[COLLECTED MATERIAL — start]

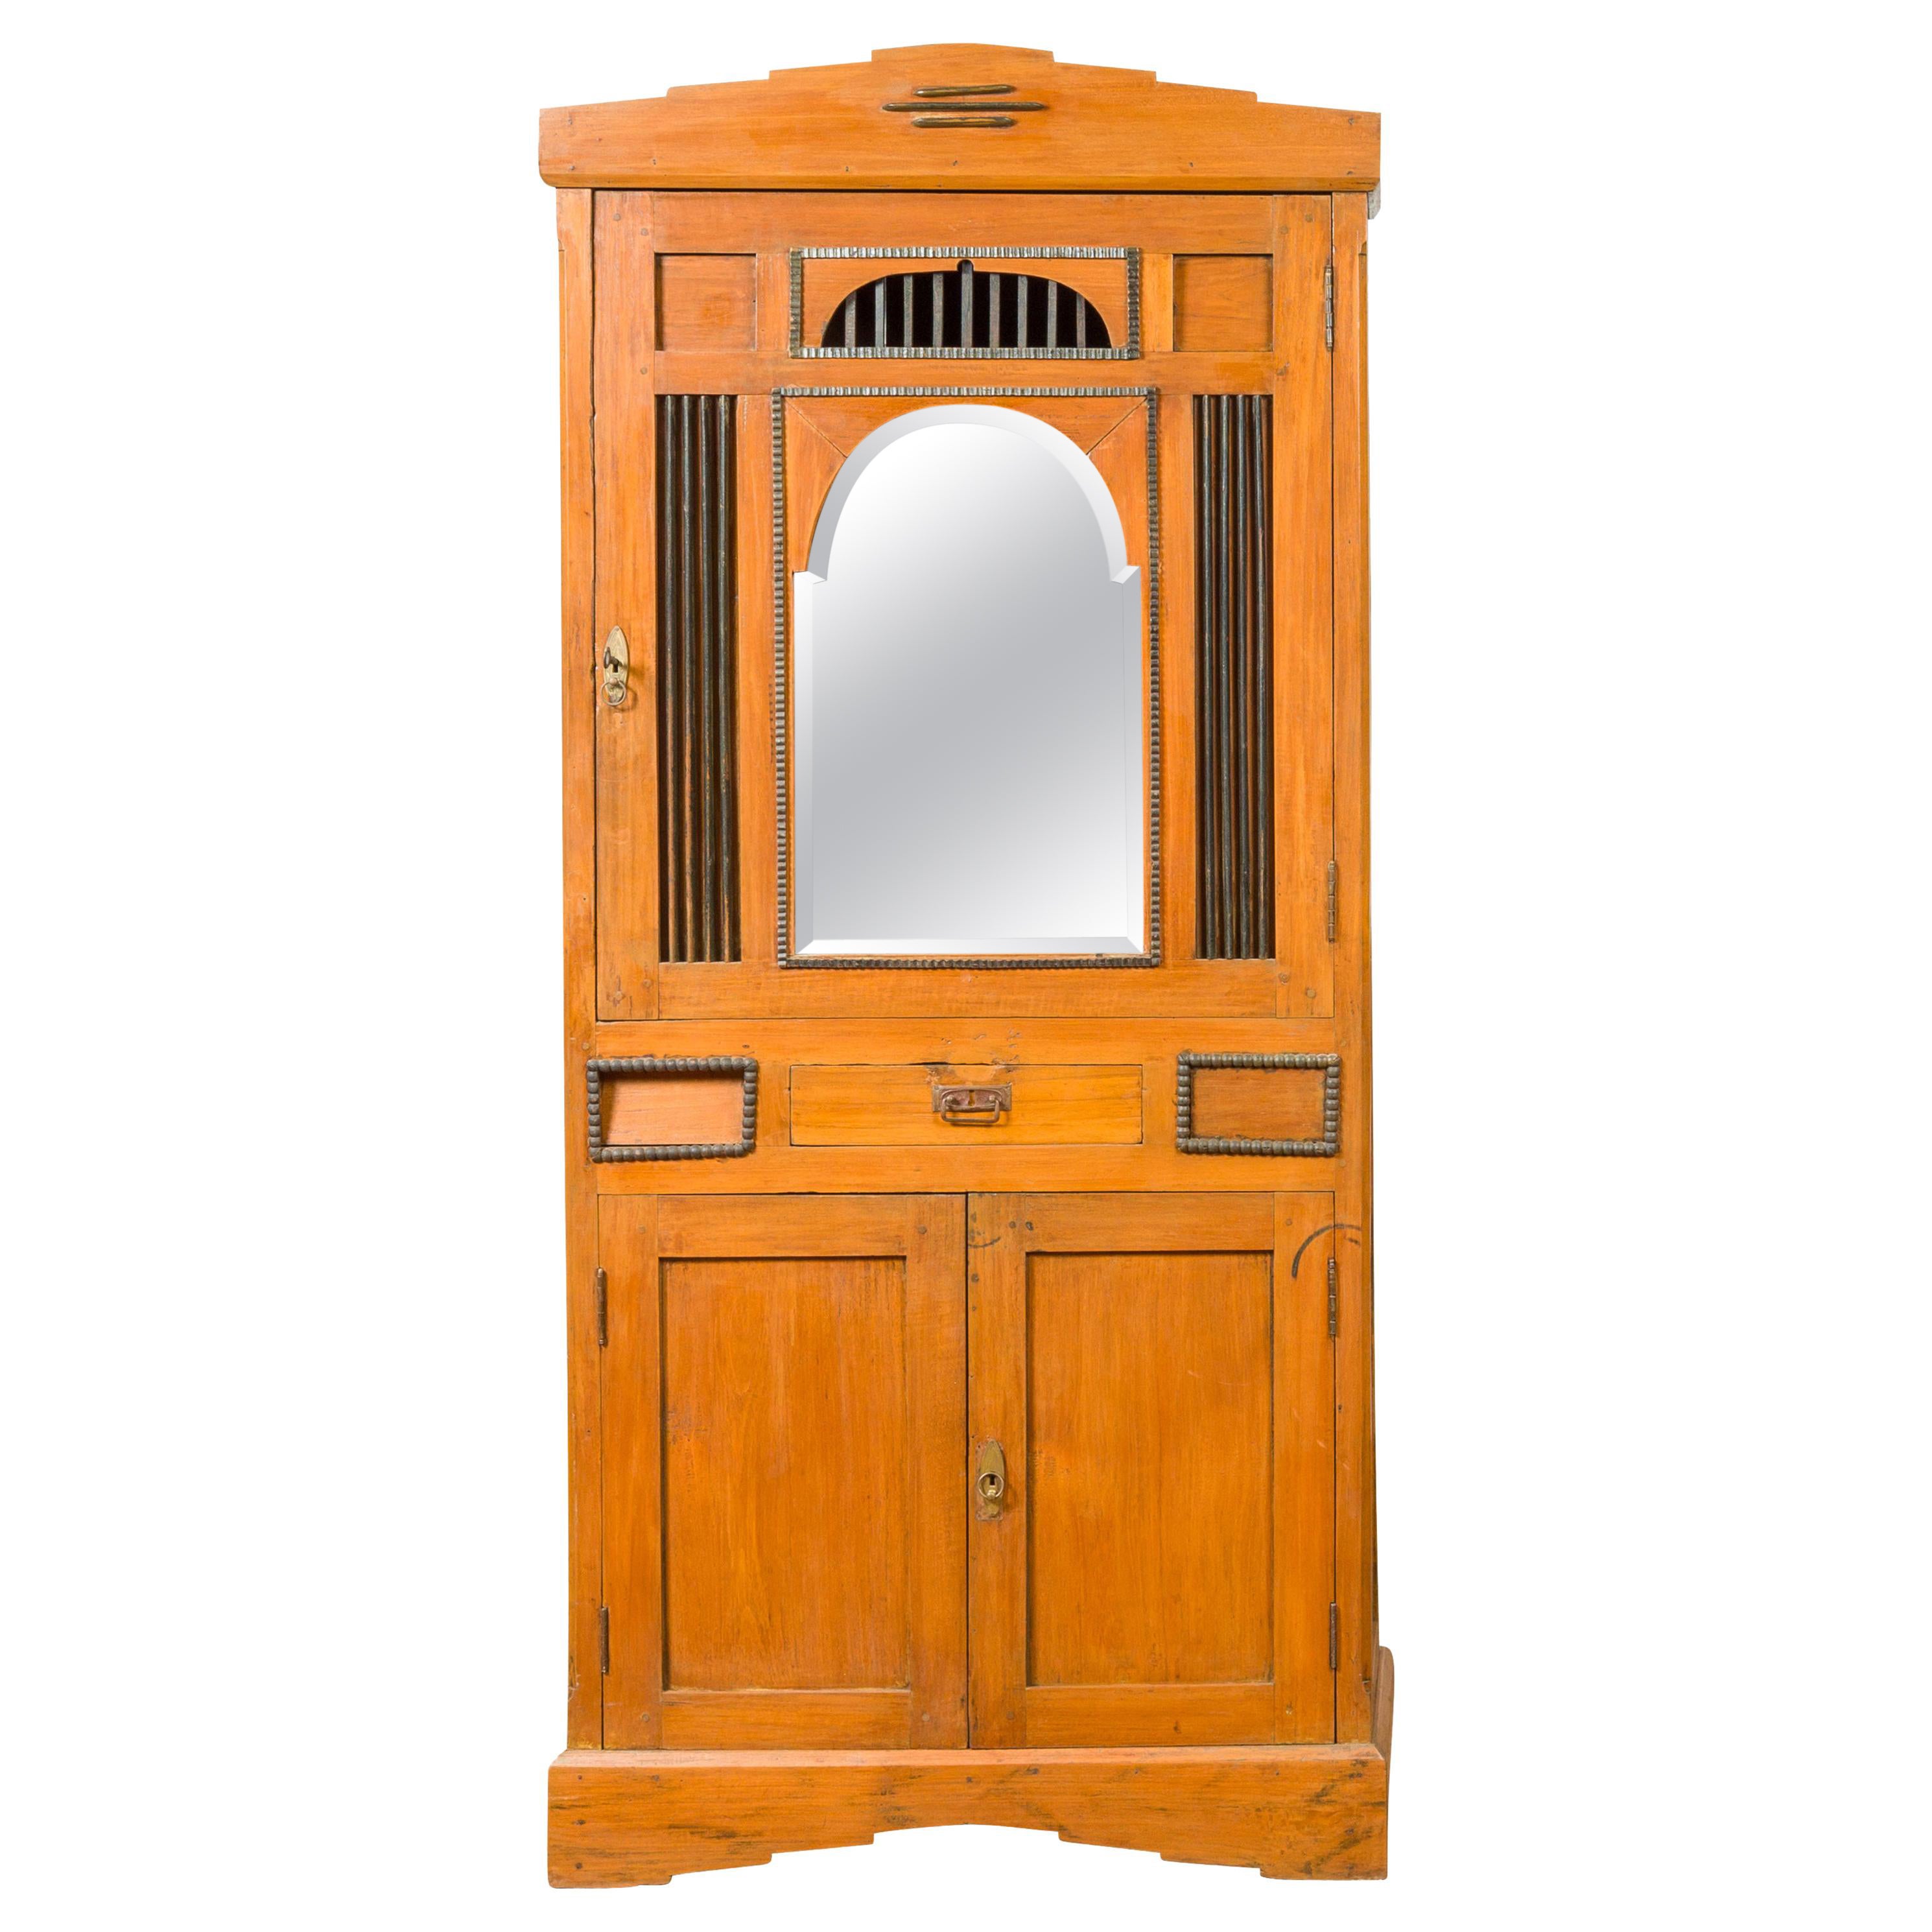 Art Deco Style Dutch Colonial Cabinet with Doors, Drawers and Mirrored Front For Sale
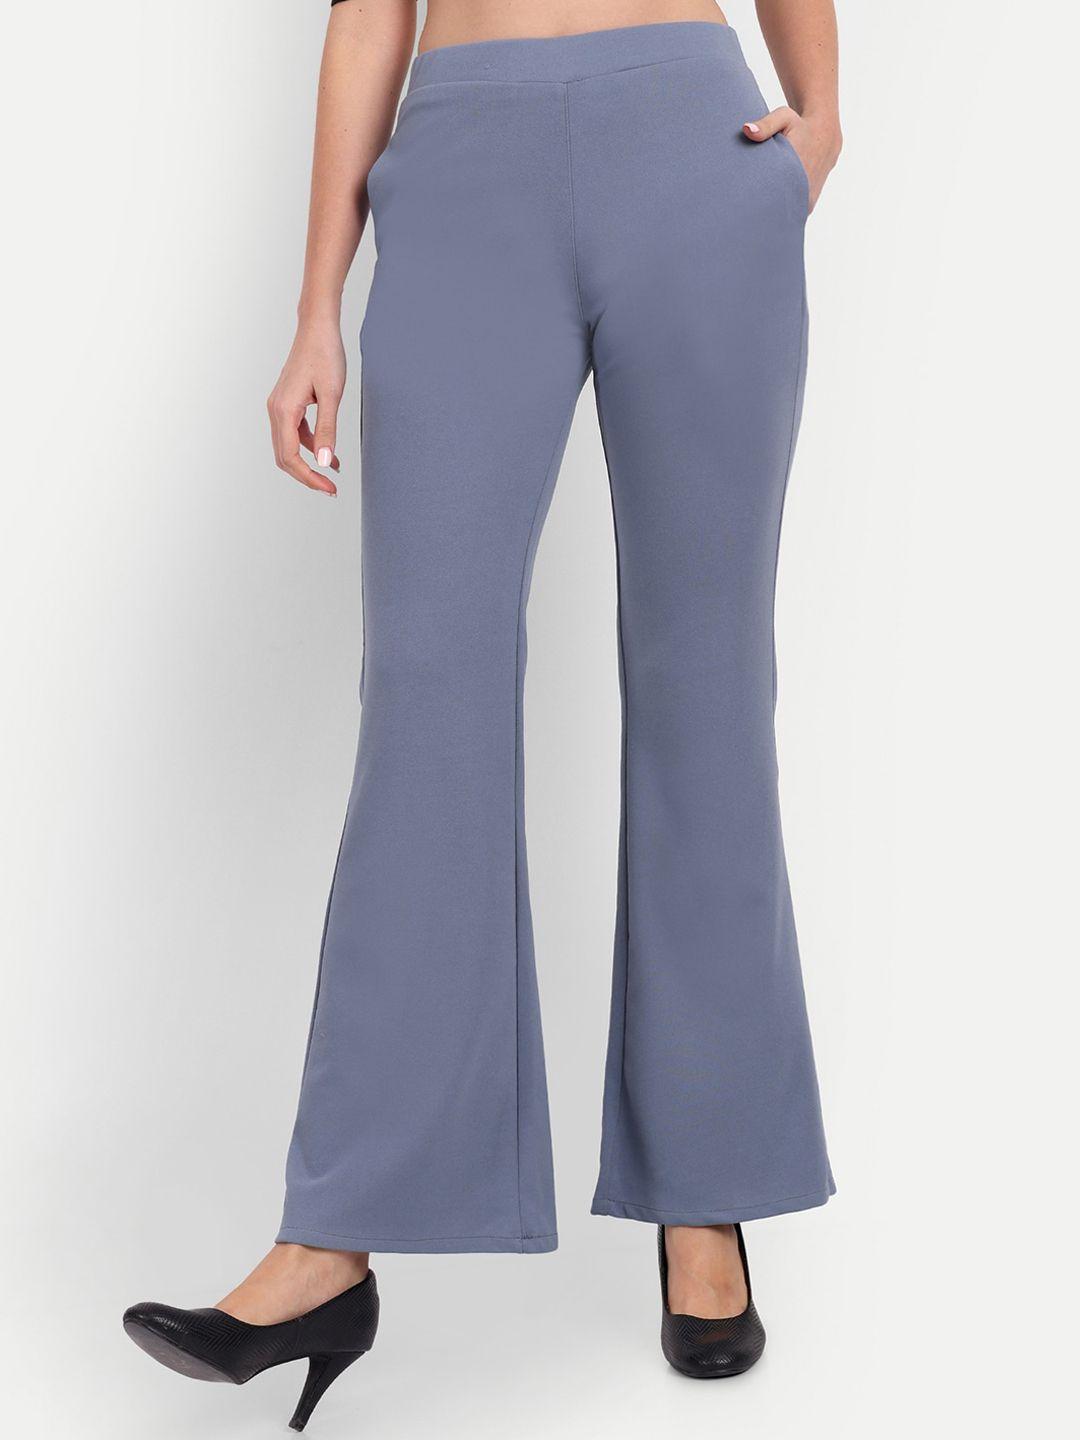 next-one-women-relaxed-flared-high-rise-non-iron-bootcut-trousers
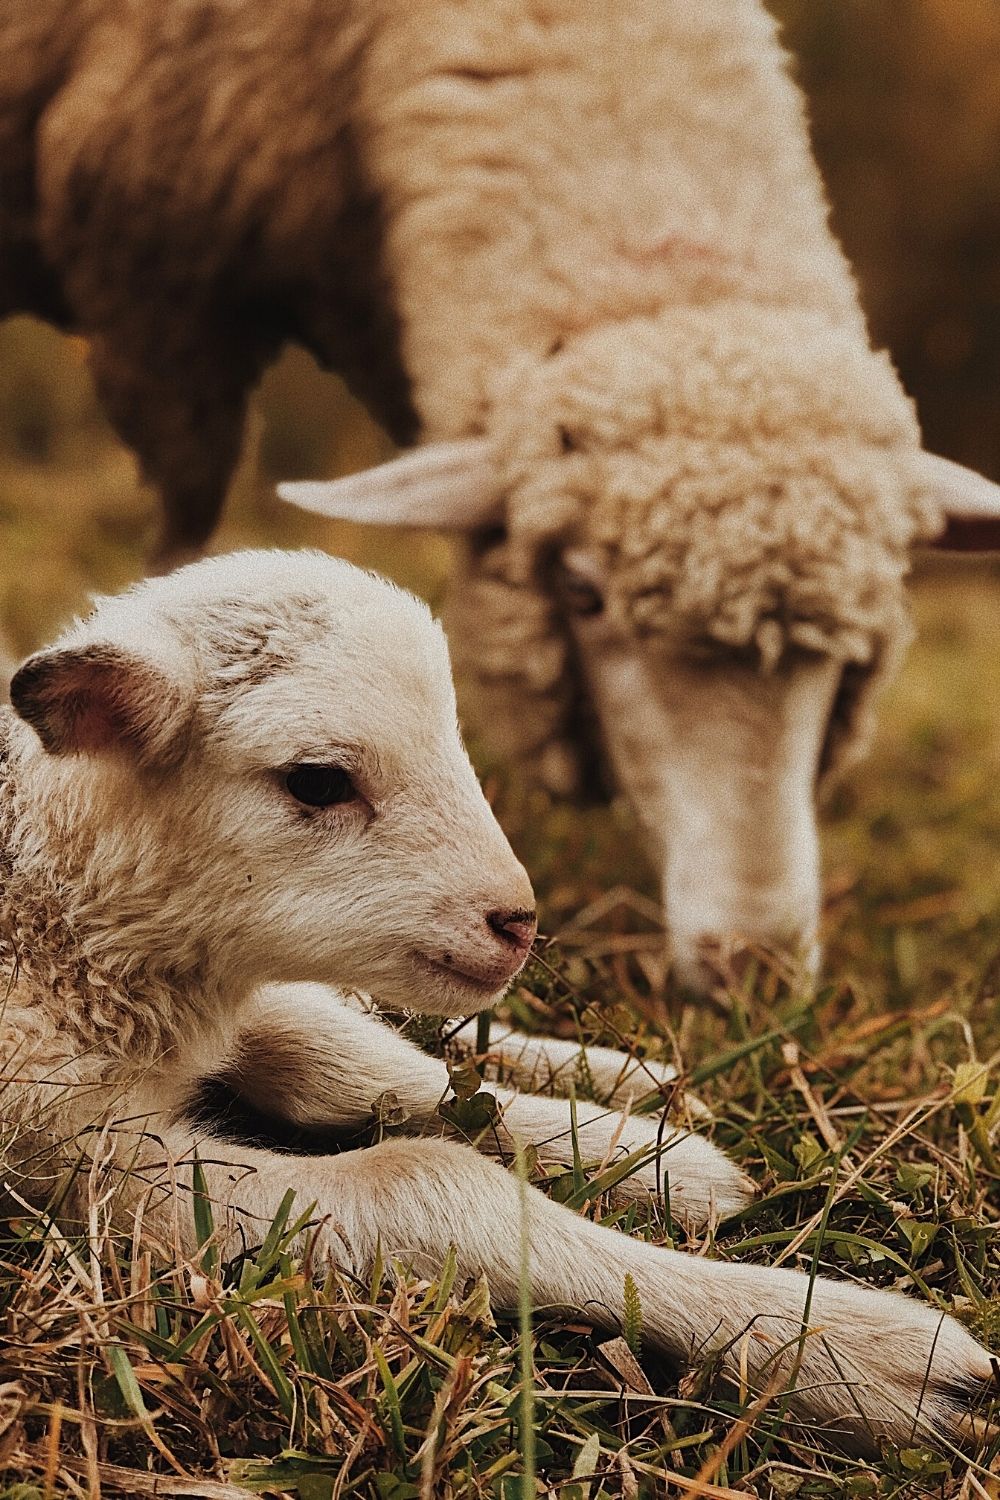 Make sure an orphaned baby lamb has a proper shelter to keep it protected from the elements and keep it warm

[COLLECTED MATERIAL — finish]

AIM OF THE TASK >>
Please set the data above down exactly, with the pictures removed.

SOLVED EXERCISE >>
 Art Deco Style Dutch Colonial Cabinet with Doors, Drawers and Mirrored Front For Sale
 next-one-women-relaxed-flared-high-rise-non-iron-bootcut-trousers
 Make sure an orphaned baby lamb has a proper shelter to keep it protected from the elements and keep it warm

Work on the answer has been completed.